Monitors of self-driving cars find it tough to stay awake
As Ford has been developing self-driving cars, it has noticed a problem during test drives: Engineers monitoring the robot rides are dozing off.
Company researchers have tried to roust the engineers with bells, buzzers, warning lights, vibrating seats and shaking steering wheels. They’ve even put a second engineer in the vehicle to keep tabs on his human counterpart.
No matter — the smooth ride was just too lulling and engineers struggled to maintain “situational awareness,” said Raj Nair, product development chief for the Dearborn, Michigan-based automaker.

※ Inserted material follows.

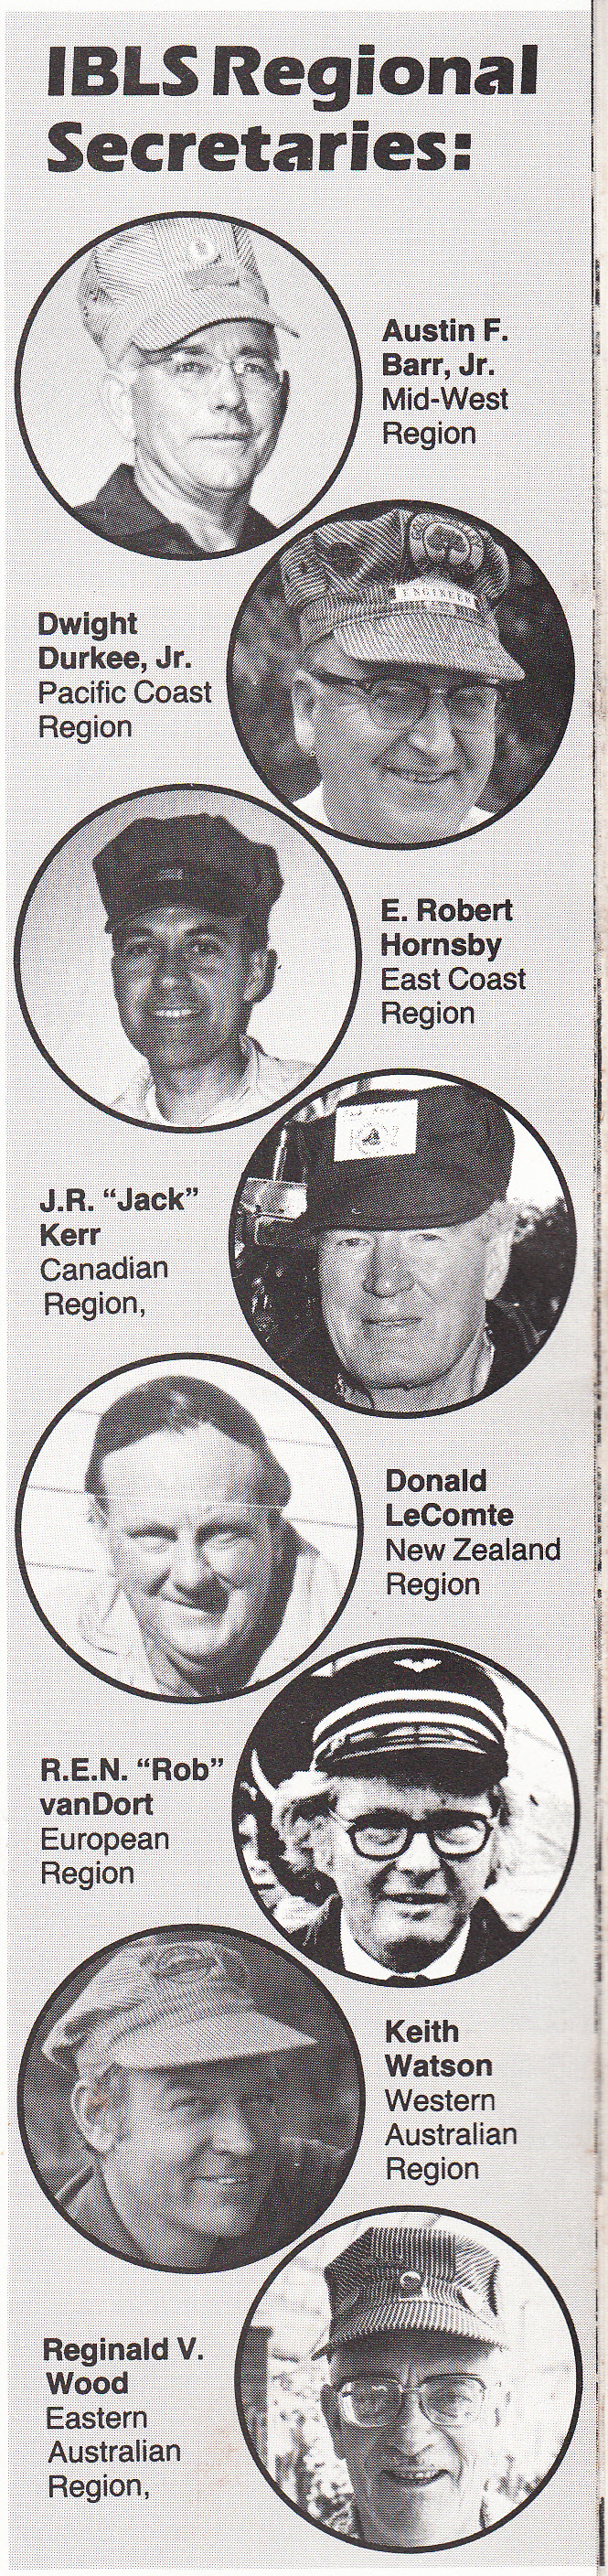 The IBLS Secretaries as of February 1984

“These are trained engineers who are there to observe what’s happening,” Nair said in an interview. “But it’s human nature that you start trusting the vehicle more and more and that you feel you don’t need to be paying attention.”
The struggle to prevent snoozing-while-cruising has yielded a radical decision: Ford will venture to take the human out of the loop by removing the steering wheel, brake and gas pedals from its driverless cars debuting in 2021. That sets Ford apart from most automakers, including Audi and General Motors, which believe drivers can be counted on to take the wheel if an accident is imminent.
BMW, Mercedes-Benz and Volkswagen’s Audi plan to roll out semiautonomous cars starting next year that require drivers to take over with as little as 10 seconds notice. On a scale embraced by the U.S. government, these cars would qualify as Level 3 — more capable than cars where drivers do everything but short of full automation.
Ford plans to skip that level altogether. The automaker has aligned with Alphabet’s Waymo, which made similar discoveries related to human inattention while researching Google’s driverless car.